This application focuses on predicting daily equity prices through XGBoost model. The analysis leverages the S&P 500 and NASDAQ 100 indices as initial training data to reflect broader market trends.
Daily updated historical trading data, including open, high, low, close prices, and trading volume, was collected through Restful API. A 14-day lagged feature was engineered to capture relevant trends, allowing the model to utilize past performance in predicting current prices.
A flexible XGBoost model was implemented to generate predictions based on user-defined stock symbols, enabling tailored forecasting. The model achieved an impressive R² score of 0.91, indicating a high level of predictive accuracy. However, performance variance was observed across different time periods.
To reduce the impact of time series characteristics and periodic patterns, moving averages were introduced as additional features. A systematic approach was employed to evaluate the optimal combination of lagged features (ranging from 1 to 14 days) and moving averages (from 1 to 30 days). Heatmap analysis identified the optimal configuration of a 15-day and 24-day moving average in conjunction with a 10-day lag as yielding superior performance.
Mean Absolute Percentage Error (MAPE) was utilized as the primary evaluation metric. Following the implementation of moving averages, the MAPE improved significantly to 0.008. To address the identified issue of overfitting, regularization techniques (L1 or L2) were considered, and cross-validation methods were applied to enhance model stability.
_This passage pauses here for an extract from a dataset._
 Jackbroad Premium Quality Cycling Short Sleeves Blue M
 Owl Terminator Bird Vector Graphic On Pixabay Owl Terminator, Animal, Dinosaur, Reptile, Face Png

Future iterations will explore the incorporation of additional financial indicators, such as technical indicators (e.g., RSI, MACD) and fundamental metrics (e.g., P/E ratio), to further enhance predictive accuracy and robustness.
A backtesting framework will be developed to assess the model's performance on unseen data over time, validating its effectiveness in real-world trading scenarios.
An analysis of feature importance will be conducted to identify the most influential variables in the prediction process, enhancing the model's interpretability. Additionally, SHAP (SHapley Additive exPlanations) values will be utilized to provide insights into individual predictions.